:: AVAILABLE RECORDS

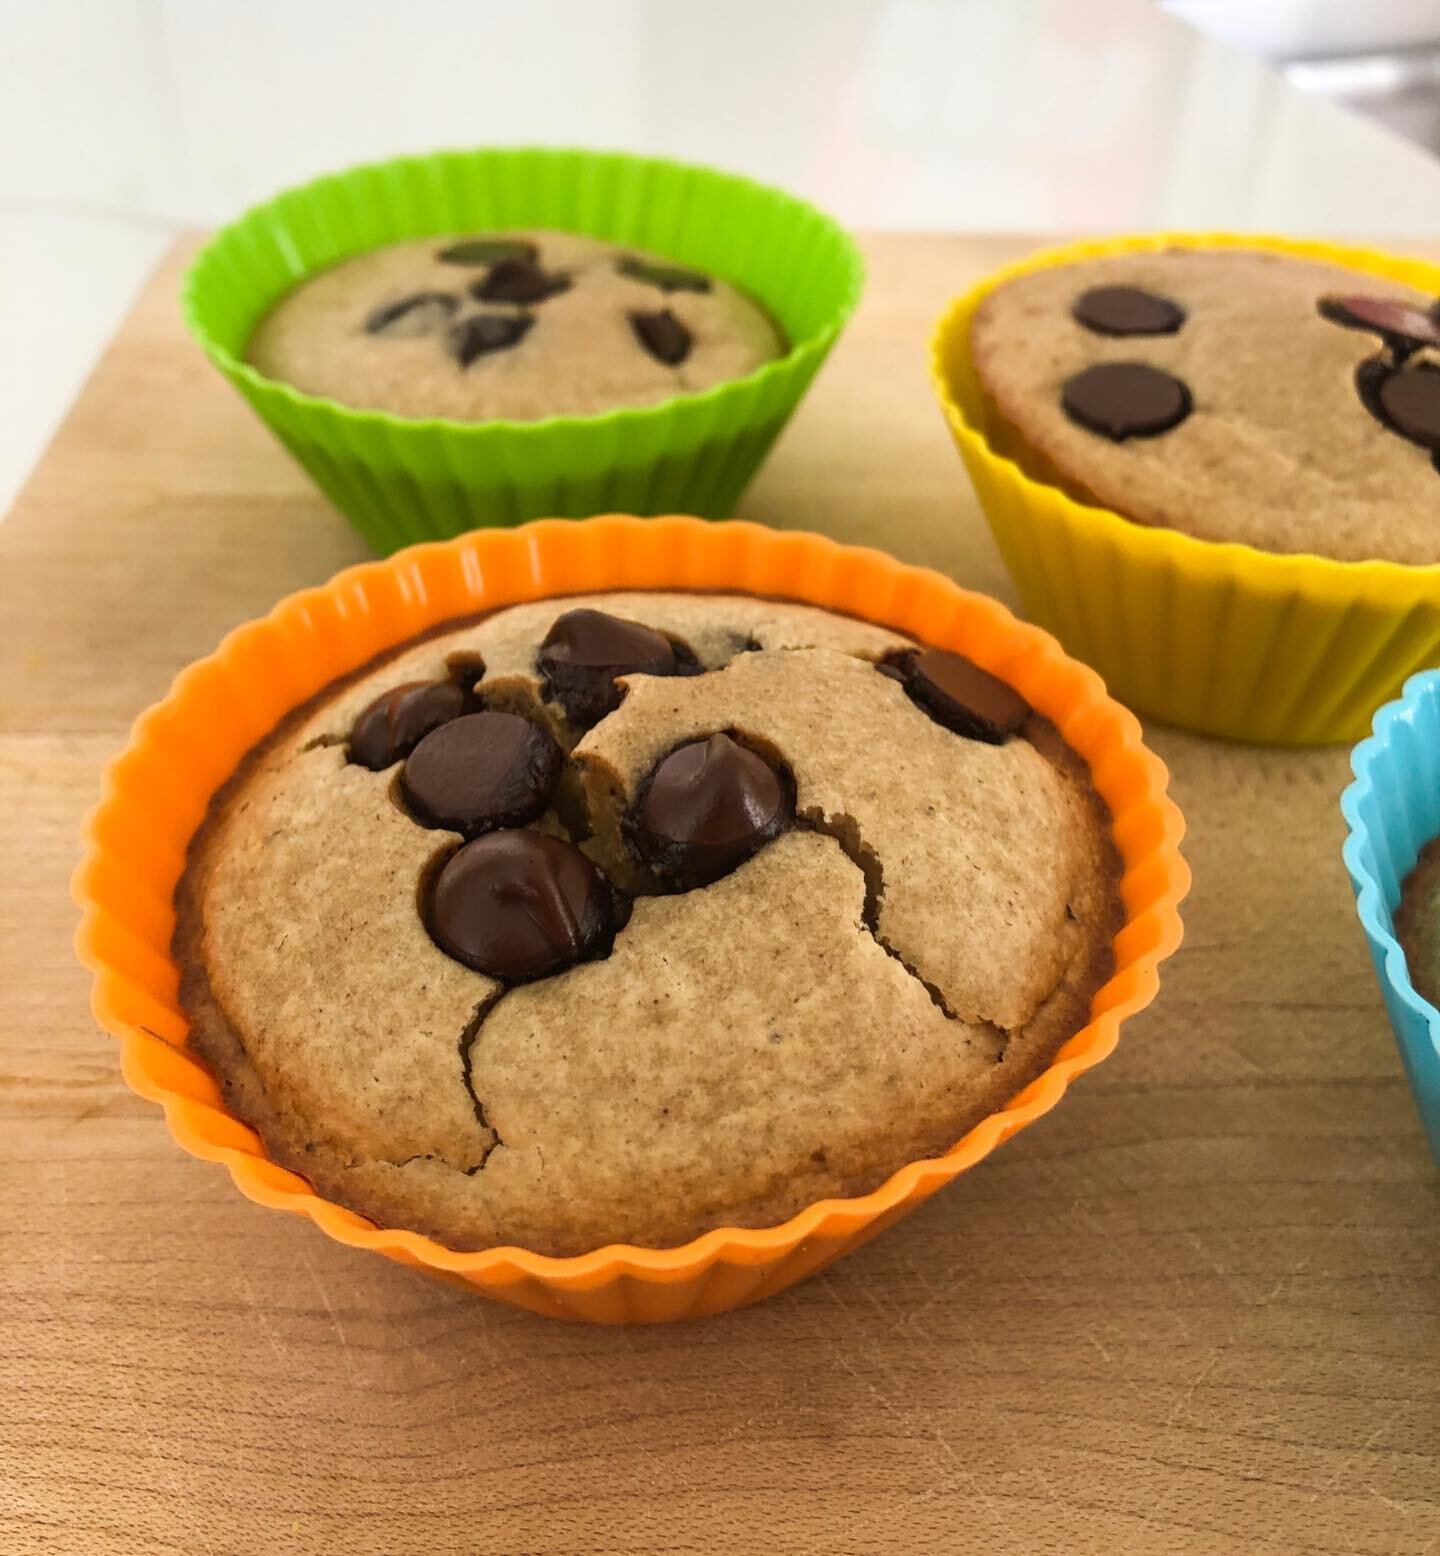 Oatmeal Chocolate Chip Muffins🎉GLUTEN-FREE + DAIRY-FREE breakfast treat! There&rsquo;s so many variations of this recipe out there, here&rsquo;s mine⬇️

1/2 cup organic oats
1/2 banana
1 egg
1 tsp maple syrup
1 tbsp peanut butter
1/4 tsp baking powd
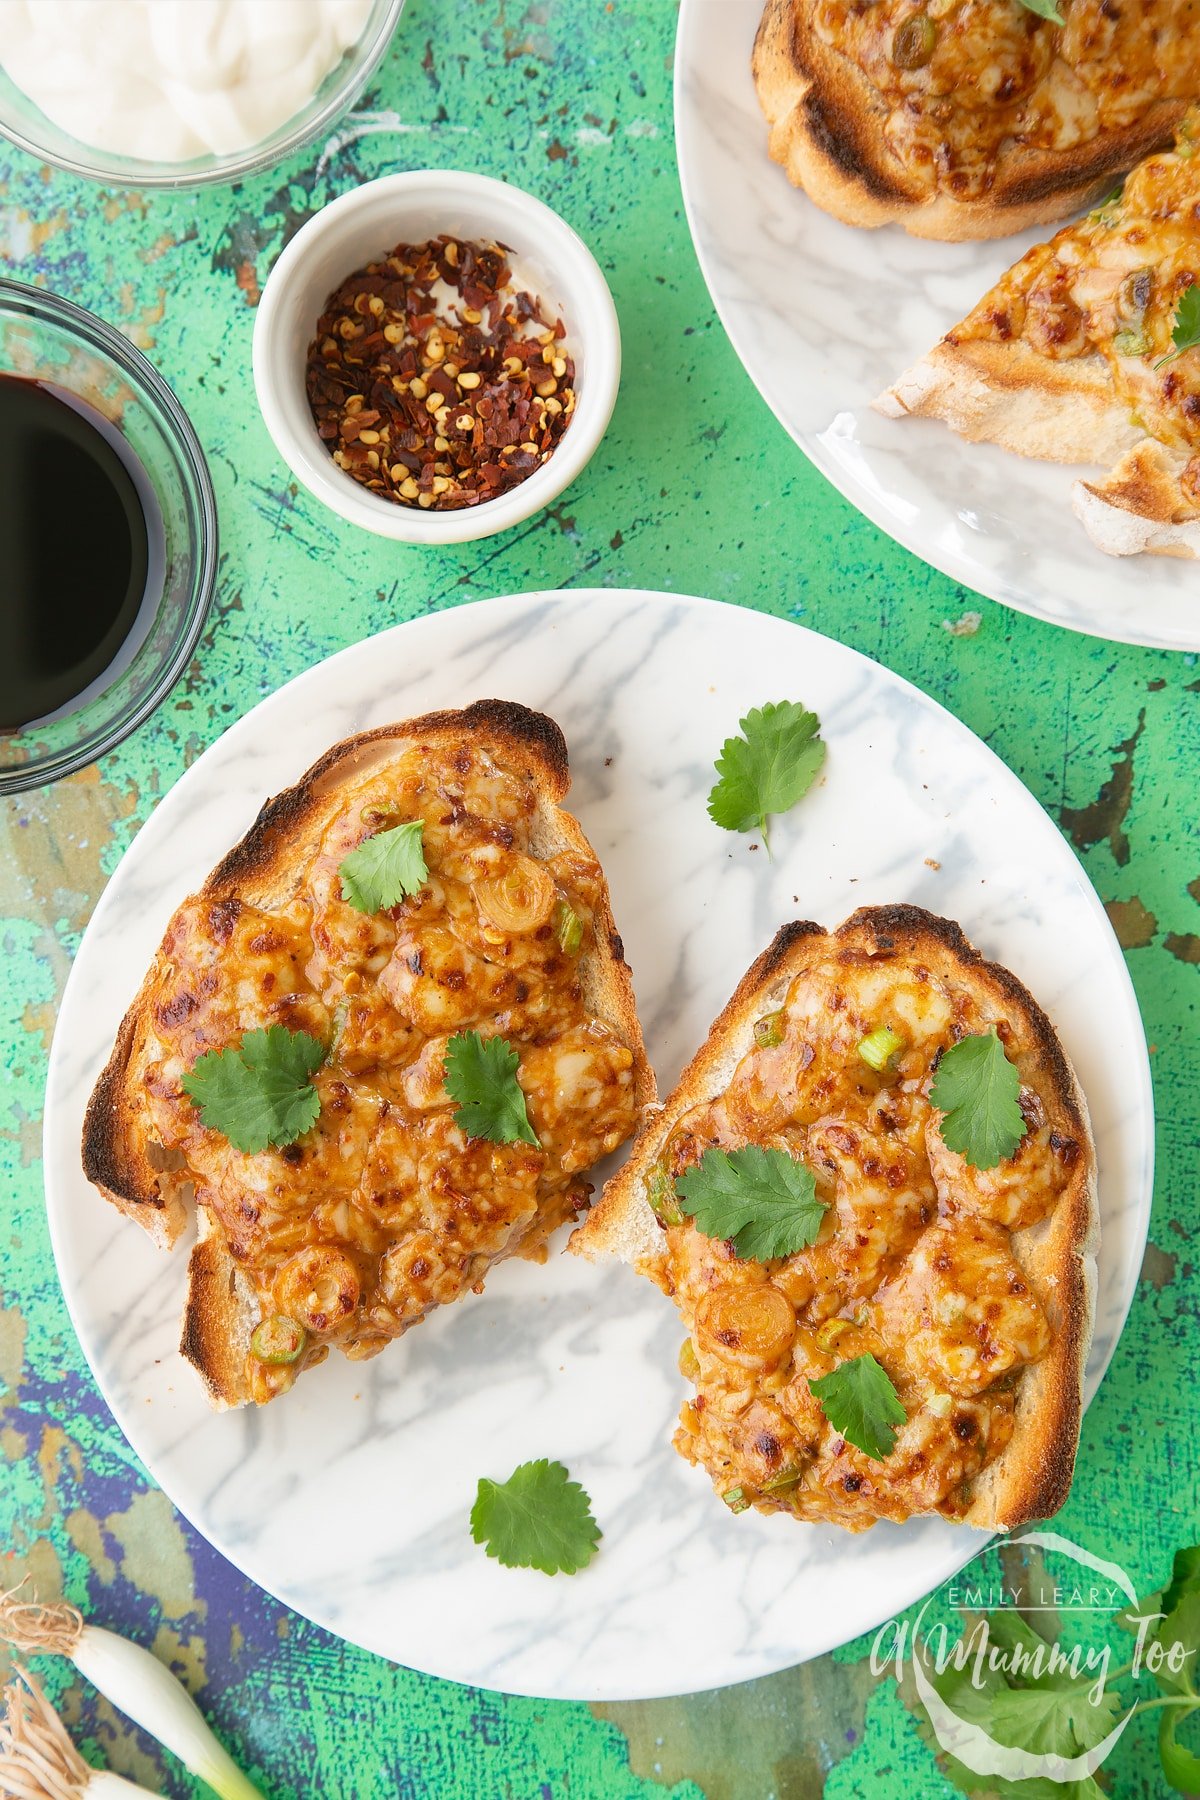 Two pieces of chilli cheese toast  on a white marbled plate, scattered with coriander. One has a bite out of it.

::::

▶ **WHAT YOU SHOULD DO**
If any image appears in the entries, omit it and return the rest verbatim.

▶ **ANSWER FOR THE TASK**
 Oatmeal Chocolate Chip Muffins🎉GLUTEN-FREE + DAIRY-FREE breakfast treat! There&rsquo;s so many variations of this recipe out there, here&rsquo;s mine⬇️

1/2 cup organic oats
1/2 banana
1 egg
1 tsp maple syrup
1 tbsp peanut butter
1/4 tsp baking powd
 Two pieces of chilli cheese toast  on a white marbled plate, scattered with coriander. One has a bite out of it.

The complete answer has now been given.